▸ Problem to work on:
Exactly the lines below from the line with "放牧する広まったフォージHATAS(ハタス) バランスボール セーフティ" through the line with "澳门度假村娱乐平台_武汉一女子使用蒸汽眼罩患上结膜炎 专家:网红产品要慎用" must make up the answer, both ends included and pictures left out.

▸ Material supplied:
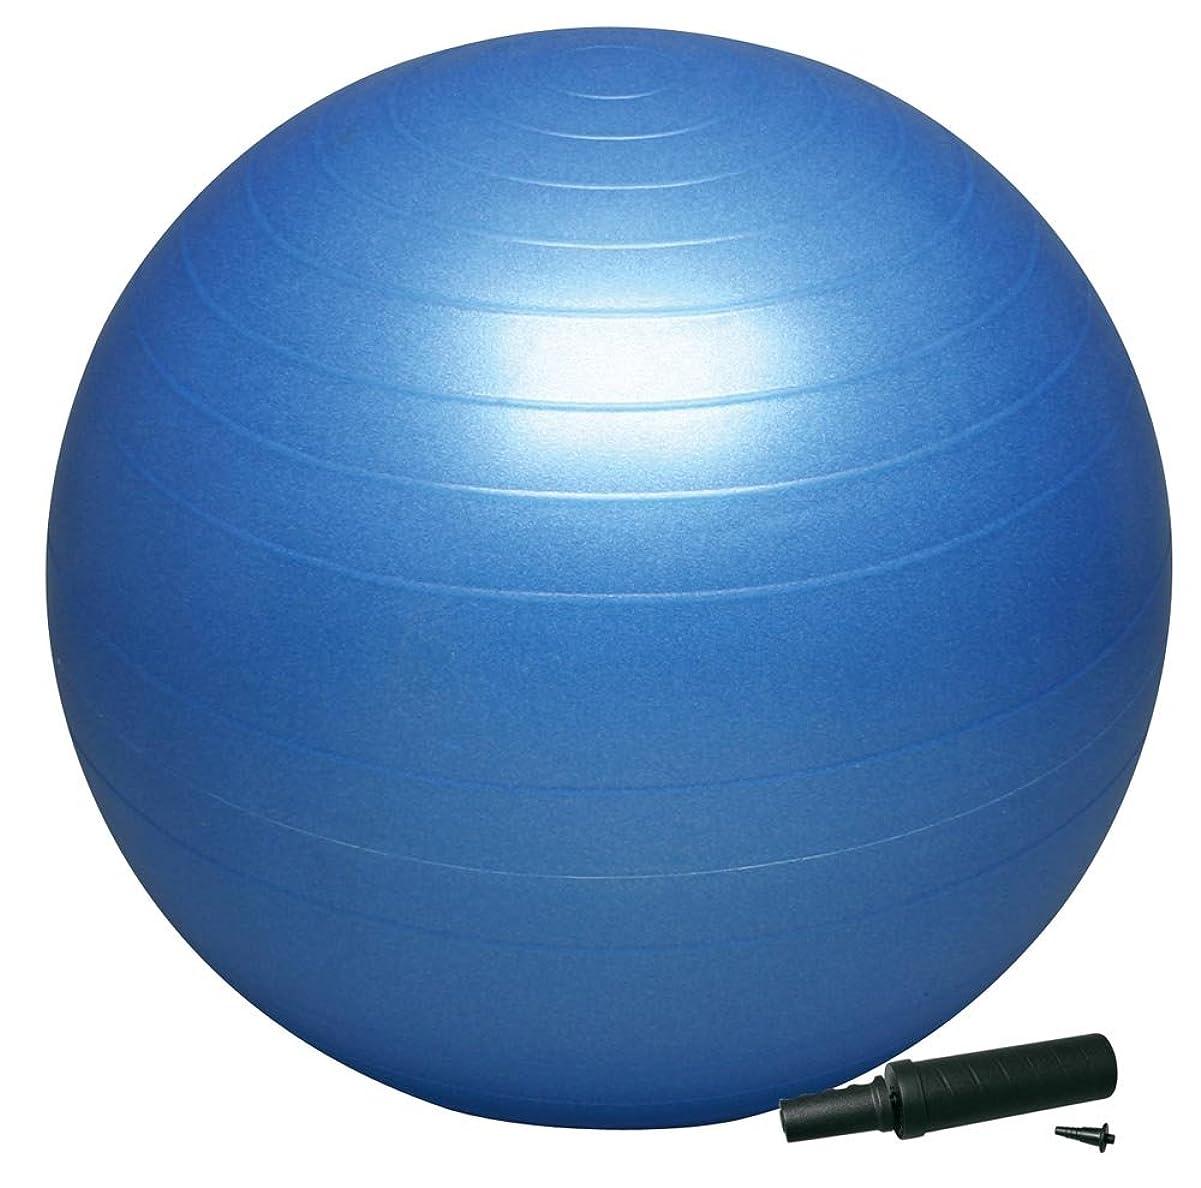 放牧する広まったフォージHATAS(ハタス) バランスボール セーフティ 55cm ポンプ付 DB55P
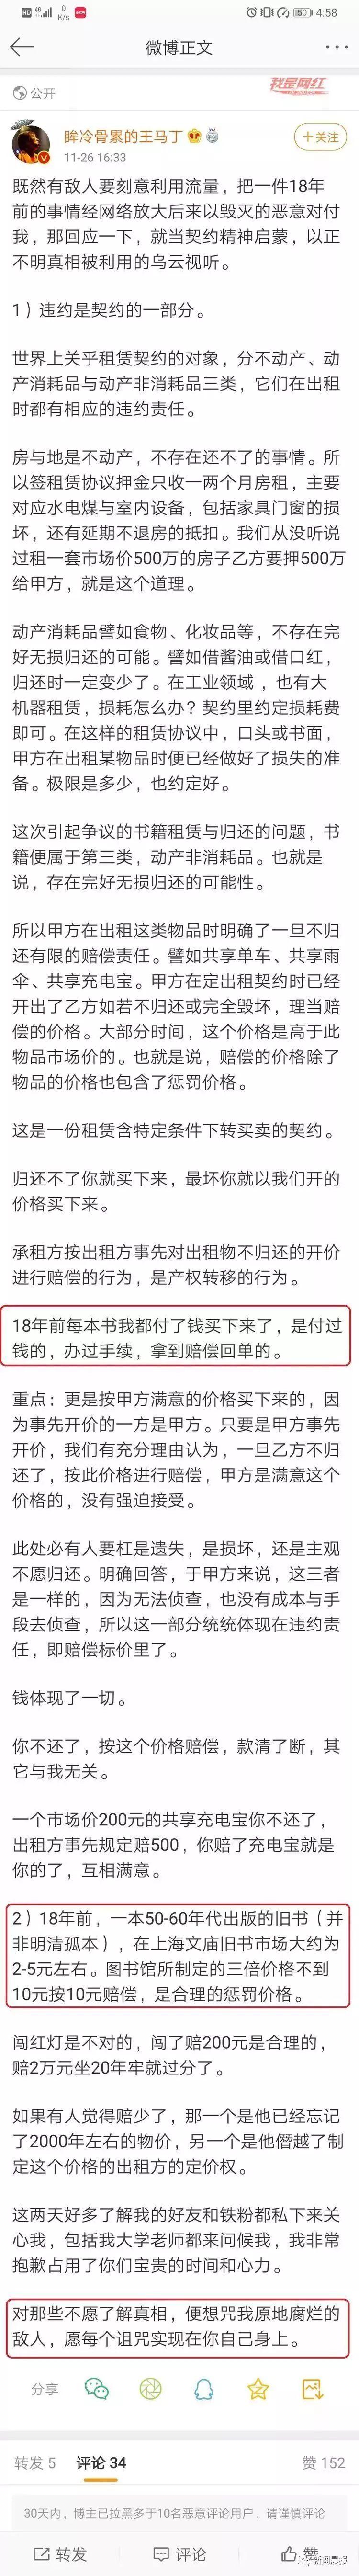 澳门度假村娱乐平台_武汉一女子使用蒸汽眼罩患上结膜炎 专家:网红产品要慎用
...
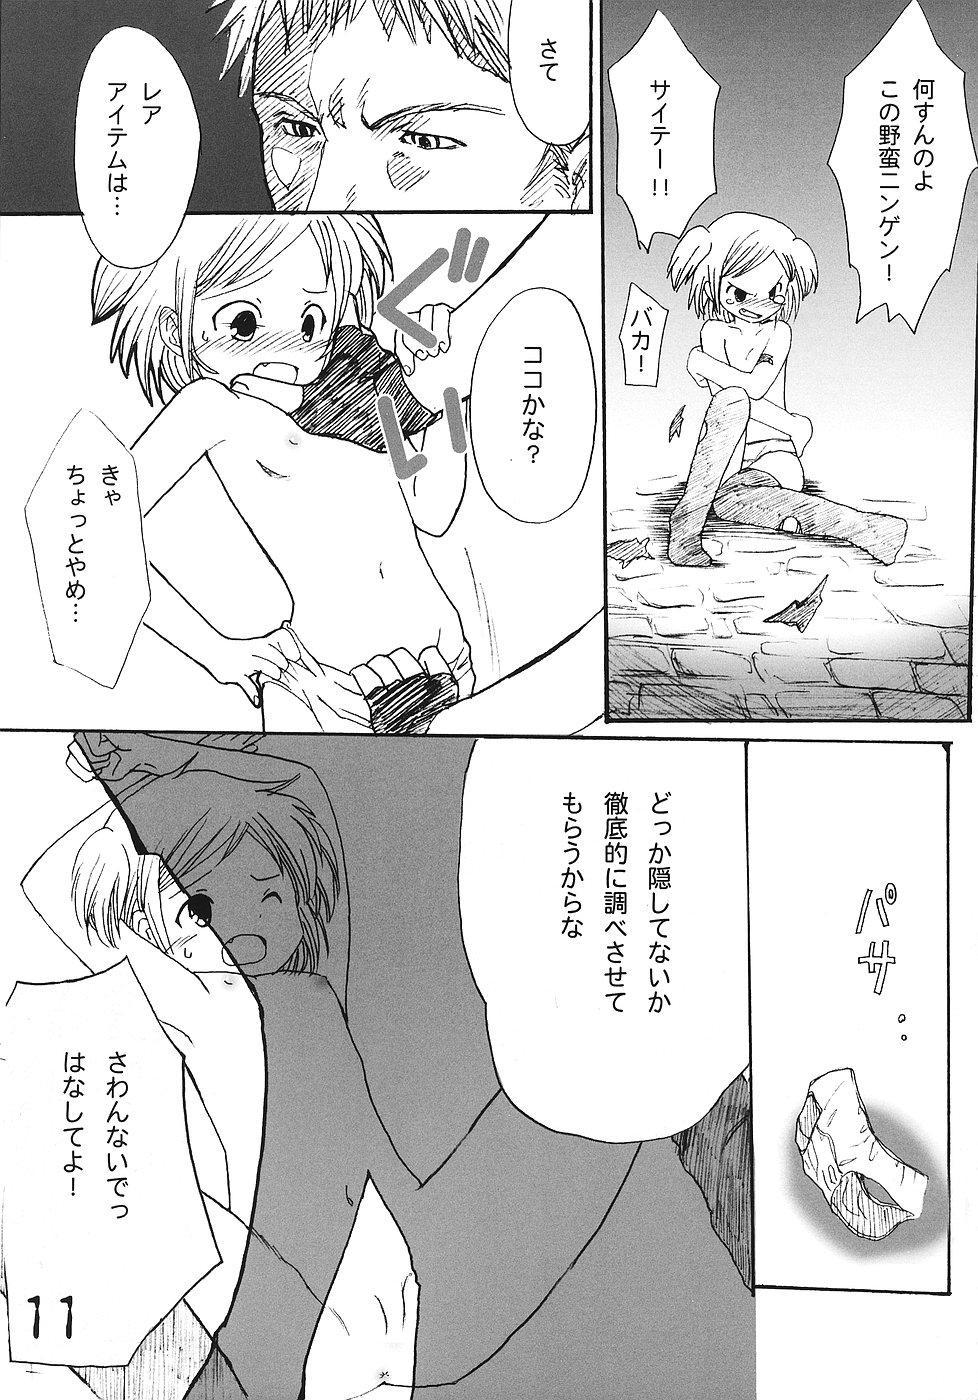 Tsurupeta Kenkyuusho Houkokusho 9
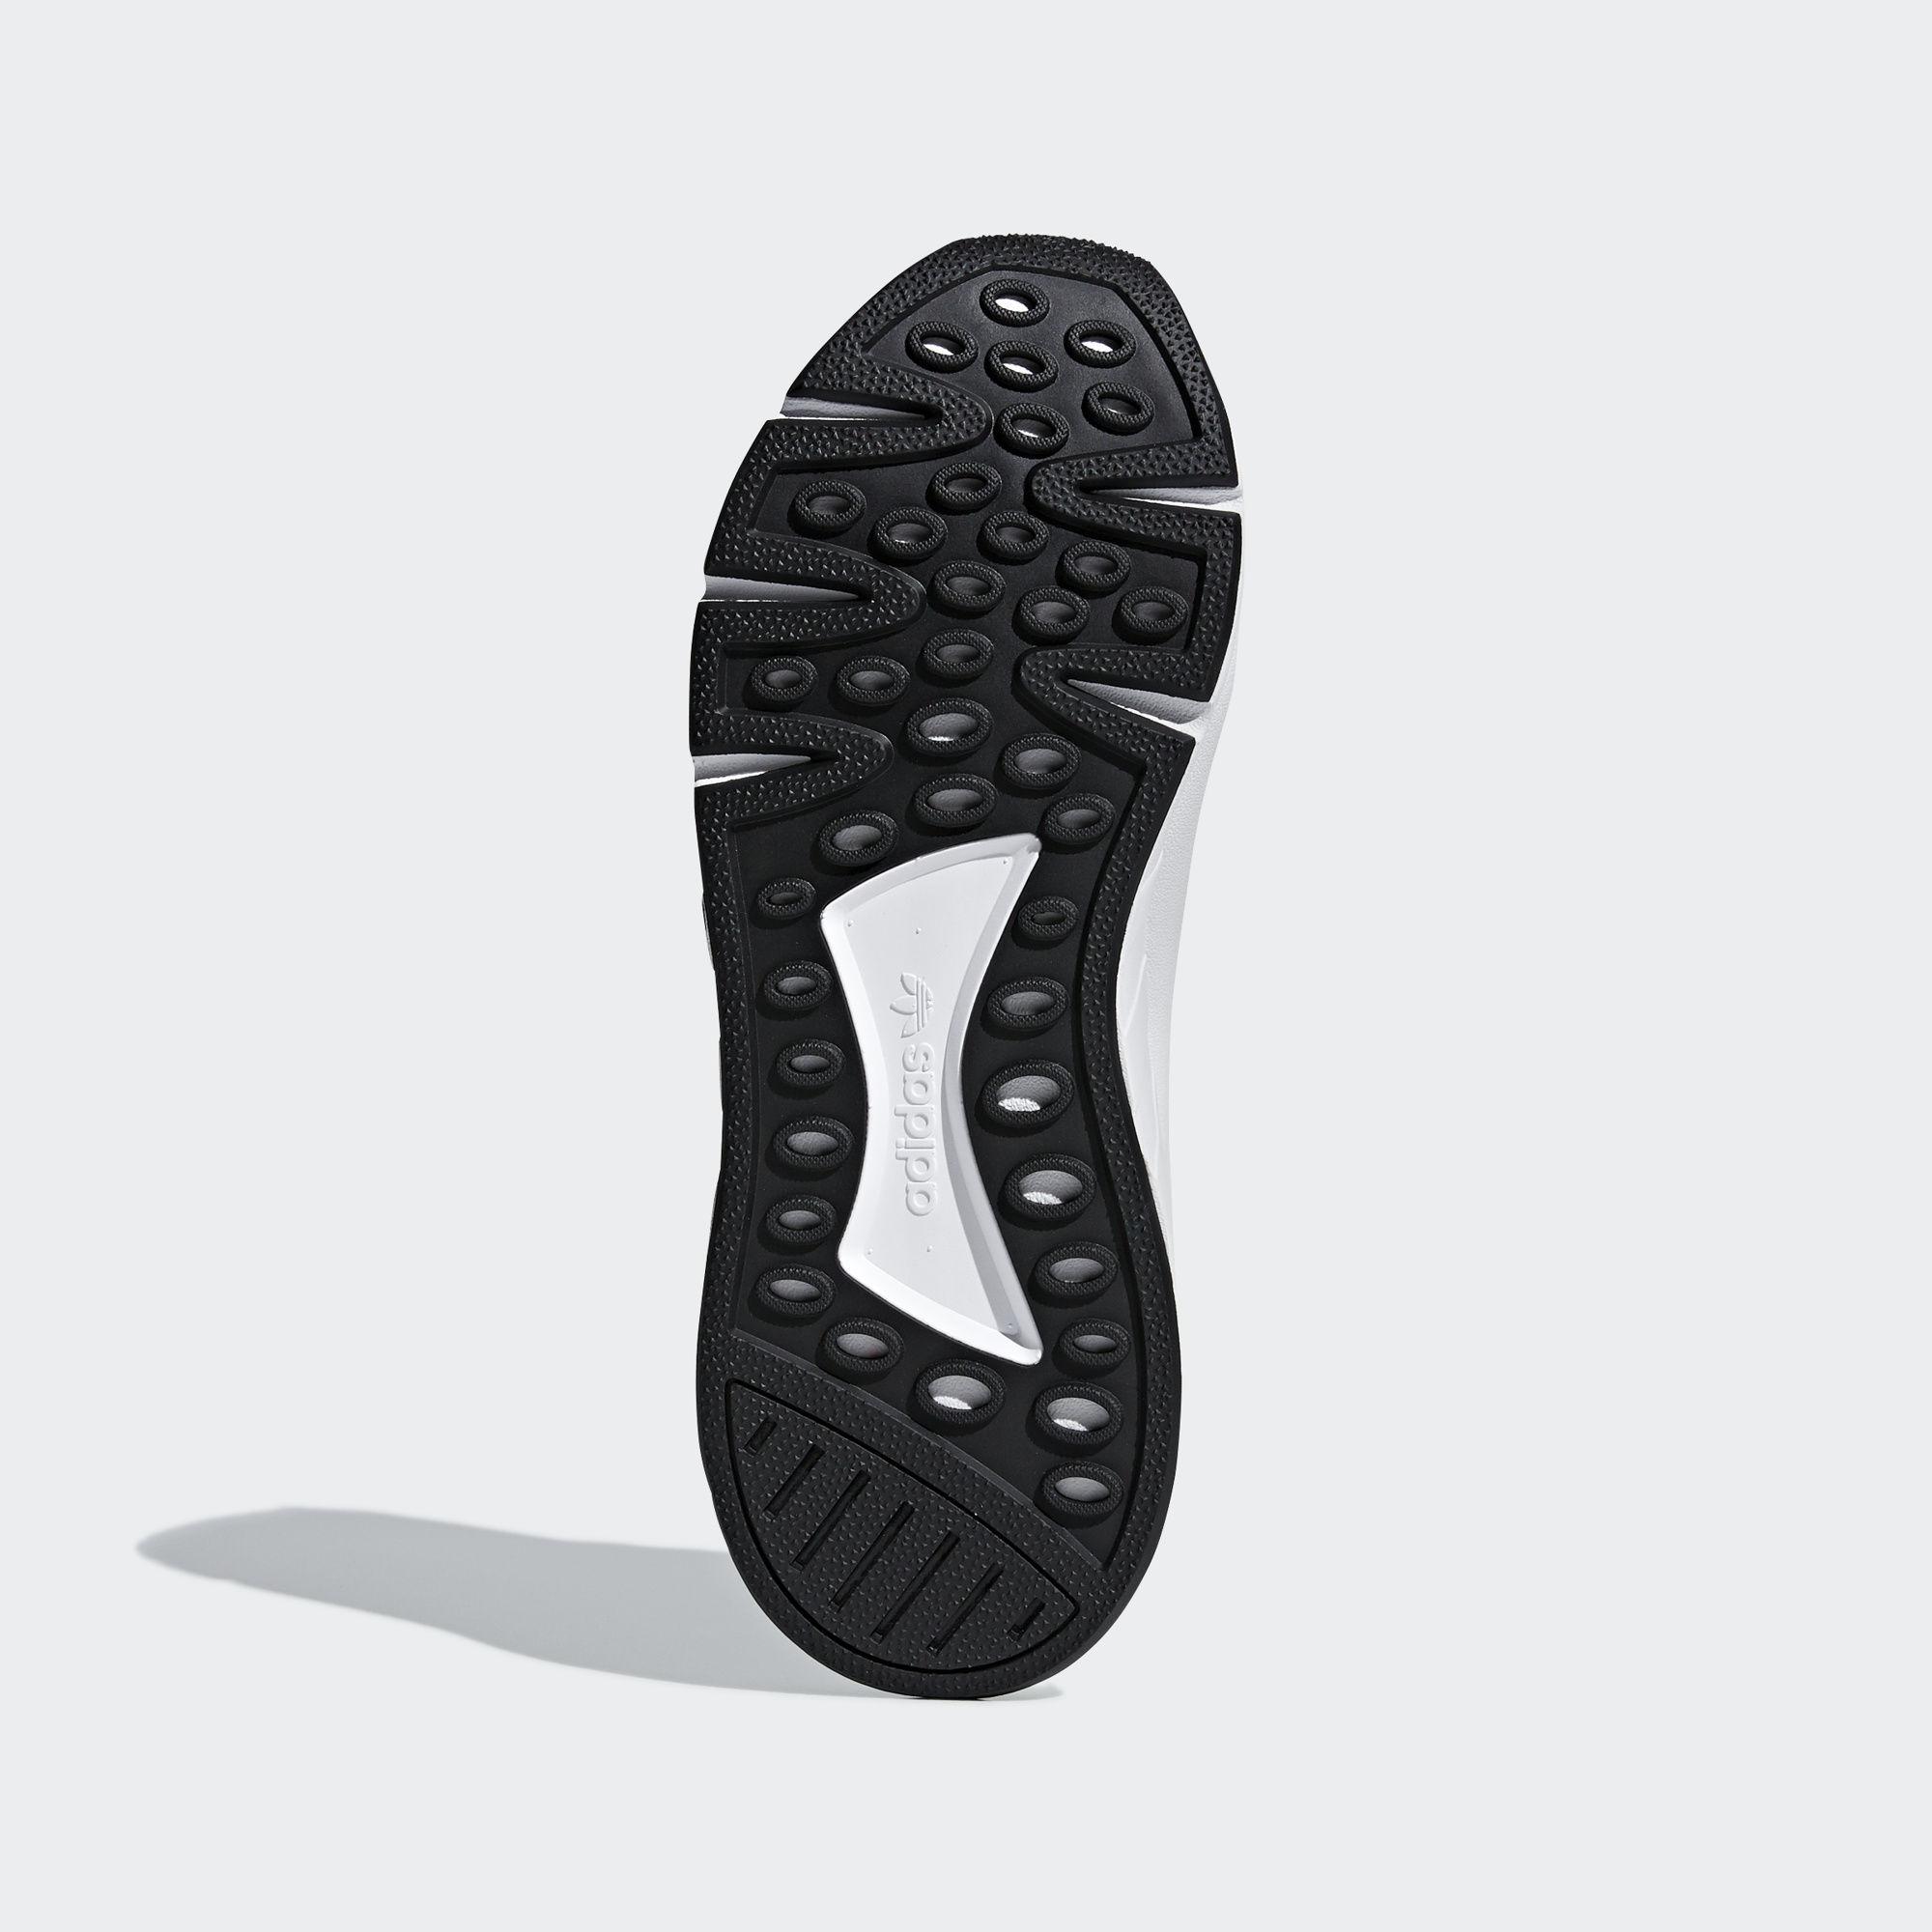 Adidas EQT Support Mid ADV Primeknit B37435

▸ Exercise solution:
 放牧する広まったフォージHATAS(ハタス) バランスボール セーフティ 55cm ポンプ付 DB55P
 澳门度假村娱乐平台_武汉一女子使用蒸汽眼罩患上结膜炎 专家:网红产品要慎用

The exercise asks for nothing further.